Recorded data
****************************************
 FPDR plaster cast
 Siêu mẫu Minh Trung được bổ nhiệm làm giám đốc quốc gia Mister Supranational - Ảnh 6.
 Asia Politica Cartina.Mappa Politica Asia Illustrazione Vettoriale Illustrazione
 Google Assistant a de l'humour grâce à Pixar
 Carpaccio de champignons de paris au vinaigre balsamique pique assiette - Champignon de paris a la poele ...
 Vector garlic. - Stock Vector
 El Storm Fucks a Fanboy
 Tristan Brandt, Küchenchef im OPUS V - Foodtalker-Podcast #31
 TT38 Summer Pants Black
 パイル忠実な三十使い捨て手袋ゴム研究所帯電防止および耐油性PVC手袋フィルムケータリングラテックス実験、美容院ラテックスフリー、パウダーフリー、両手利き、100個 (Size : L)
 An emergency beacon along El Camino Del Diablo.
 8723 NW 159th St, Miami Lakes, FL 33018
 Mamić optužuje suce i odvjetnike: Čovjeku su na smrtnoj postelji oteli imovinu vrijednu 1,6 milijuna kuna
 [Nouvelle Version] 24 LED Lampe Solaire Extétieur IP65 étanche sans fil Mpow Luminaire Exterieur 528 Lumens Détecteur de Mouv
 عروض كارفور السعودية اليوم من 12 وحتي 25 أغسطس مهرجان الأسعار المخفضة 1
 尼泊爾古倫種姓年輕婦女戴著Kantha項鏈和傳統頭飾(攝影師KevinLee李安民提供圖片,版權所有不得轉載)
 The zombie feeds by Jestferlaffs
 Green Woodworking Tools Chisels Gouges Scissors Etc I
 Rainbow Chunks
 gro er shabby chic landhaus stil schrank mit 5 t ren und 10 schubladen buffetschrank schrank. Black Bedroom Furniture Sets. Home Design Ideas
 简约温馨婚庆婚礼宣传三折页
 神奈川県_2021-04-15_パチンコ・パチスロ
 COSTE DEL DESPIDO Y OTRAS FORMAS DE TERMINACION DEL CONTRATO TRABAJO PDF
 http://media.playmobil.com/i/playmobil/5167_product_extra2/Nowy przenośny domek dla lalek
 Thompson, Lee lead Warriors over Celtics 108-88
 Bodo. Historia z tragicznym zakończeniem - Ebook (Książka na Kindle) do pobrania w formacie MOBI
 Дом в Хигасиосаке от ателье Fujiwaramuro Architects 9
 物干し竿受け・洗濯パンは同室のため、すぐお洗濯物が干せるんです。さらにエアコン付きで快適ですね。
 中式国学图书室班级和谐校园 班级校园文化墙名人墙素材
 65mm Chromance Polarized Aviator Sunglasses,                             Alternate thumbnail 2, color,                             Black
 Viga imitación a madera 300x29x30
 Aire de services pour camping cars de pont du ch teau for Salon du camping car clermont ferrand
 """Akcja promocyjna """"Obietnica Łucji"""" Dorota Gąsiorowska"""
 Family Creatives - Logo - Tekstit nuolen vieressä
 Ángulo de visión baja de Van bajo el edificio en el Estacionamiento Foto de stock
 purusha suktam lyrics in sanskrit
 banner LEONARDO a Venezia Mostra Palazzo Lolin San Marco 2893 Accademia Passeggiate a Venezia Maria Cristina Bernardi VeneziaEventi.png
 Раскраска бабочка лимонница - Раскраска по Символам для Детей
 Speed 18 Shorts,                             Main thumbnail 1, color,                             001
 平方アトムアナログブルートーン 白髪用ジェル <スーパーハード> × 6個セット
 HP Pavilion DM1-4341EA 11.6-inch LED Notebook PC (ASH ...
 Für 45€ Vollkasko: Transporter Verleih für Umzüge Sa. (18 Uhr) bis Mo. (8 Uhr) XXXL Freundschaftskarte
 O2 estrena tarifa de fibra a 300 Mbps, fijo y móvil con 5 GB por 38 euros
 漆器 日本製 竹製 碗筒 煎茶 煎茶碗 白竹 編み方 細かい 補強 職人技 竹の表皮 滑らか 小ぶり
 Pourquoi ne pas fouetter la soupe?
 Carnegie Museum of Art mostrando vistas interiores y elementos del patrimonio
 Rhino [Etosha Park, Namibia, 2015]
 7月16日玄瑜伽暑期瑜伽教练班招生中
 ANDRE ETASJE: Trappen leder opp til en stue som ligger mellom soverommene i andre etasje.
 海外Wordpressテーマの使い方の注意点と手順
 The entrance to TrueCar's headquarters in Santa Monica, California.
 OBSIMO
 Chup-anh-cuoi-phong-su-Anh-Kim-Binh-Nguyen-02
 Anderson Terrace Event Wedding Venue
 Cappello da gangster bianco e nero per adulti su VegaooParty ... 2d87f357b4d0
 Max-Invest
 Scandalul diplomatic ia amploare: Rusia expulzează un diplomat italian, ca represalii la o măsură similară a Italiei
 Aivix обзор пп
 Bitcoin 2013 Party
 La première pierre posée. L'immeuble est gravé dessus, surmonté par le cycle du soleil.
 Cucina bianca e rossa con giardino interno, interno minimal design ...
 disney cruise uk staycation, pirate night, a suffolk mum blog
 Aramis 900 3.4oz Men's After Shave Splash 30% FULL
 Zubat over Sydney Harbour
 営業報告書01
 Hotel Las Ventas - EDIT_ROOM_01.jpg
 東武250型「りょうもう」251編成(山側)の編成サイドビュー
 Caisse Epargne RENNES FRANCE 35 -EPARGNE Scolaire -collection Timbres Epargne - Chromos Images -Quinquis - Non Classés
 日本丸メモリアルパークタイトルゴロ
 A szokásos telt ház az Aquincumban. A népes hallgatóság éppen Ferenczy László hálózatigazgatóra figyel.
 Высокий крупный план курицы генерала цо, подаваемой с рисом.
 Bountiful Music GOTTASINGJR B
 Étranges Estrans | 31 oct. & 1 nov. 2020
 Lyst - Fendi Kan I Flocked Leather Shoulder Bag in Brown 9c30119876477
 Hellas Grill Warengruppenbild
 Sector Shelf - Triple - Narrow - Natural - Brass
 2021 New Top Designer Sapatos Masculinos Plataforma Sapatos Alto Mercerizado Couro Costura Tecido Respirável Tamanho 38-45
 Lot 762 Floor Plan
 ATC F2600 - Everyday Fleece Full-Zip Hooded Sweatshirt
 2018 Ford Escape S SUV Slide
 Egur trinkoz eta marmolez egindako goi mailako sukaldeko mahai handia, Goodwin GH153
****************************************
Set down exactly the line with "7月16日玄瑜伽暑期瑜伽教练班招生中" and each line after it up to the end of the records, adding nothing.

 7月16日玄瑜伽暑期瑜伽教练班招生中
 ANDRE ETASJE: Trappen leder opp til en stue som ligger mellom soverommene i andre etasje.
 海外Wordpressテーマの使い方の注意点と手順
 The entrance to TrueCar's headquarters in Santa Monica, California.
 OBSIMO
 Chup-anh-cuoi-phong-su-Anh-Kim-Binh-Nguyen-02
 Anderson Terrace Event Wedding Venue
 Cappello da gangster bianco e nero per adulti su VegaooParty ... 2d87f357b4d0
 Max-Invest
 Scandalul diplomatic ia amploare: Rusia expulzează un diplomat italian, ca represalii la o măsură similară a Italiei
 Aivix обзор пп
 Bitcoin 2013 Party
 La première pierre posée. L'immeuble est gravé dessus, surmonté par le cycle du soleil.
 Cucina bianca e rossa con giardino interno, interno minimal design ...
 disney cruise uk staycation, pirate night, a suffolk mum blog
 Aramis 900 3.4oz Men's After Shave Splash 30% FULL
 Zubat over Sydney Harbour
 営業報告書01
 Hotel Las Ventas - EDIT_ROOM_01.jpg
 東武250型「りょうもう」251編成(山側)の編成サイドビュー
 Caisse Epargne RENNES FRANCE 35 -EPARGNE Scolaire -collection Timbres Epargne - Chromos Images -Quinquis - Non Classés
 日本丸メモリアルパークタイトルゴロ
 A szokásos telt ház az Aquincumban. A népes hallgatóság éppen Ferenczy László hálózatigazgatóra figyel.
 Высокий крупный план курицы генерала цо, подаваемой с рисом.
 Bountiful Music GOTTASINGJR B
 Étranges Estrans | 31 oct. & 1 nov. 2020
 Lyst - Fendi Kan I Flocked Leather Shoulder Bag in Brown 9c30119876477
 Hellas Grill Warengruppenbild
 Sector Shelf - Triple - Narrow - Natural - Brass
 2021 New Top Designer Sapatos Masculinos Plataforma Sapatos Alto Mercerizado Couro Costura Tecido Respirável Tamanho 38-45
 Lot 762 Floor Plan
 ATC F2600 - Everyday Fleece Full-Zip Hooded Sweatshirt
 2018 Ford Escape S SUV Slide
 Egur trinkoz eta marmolez egindako goi mailako sukaldeko mahai handia, Goodwin GH153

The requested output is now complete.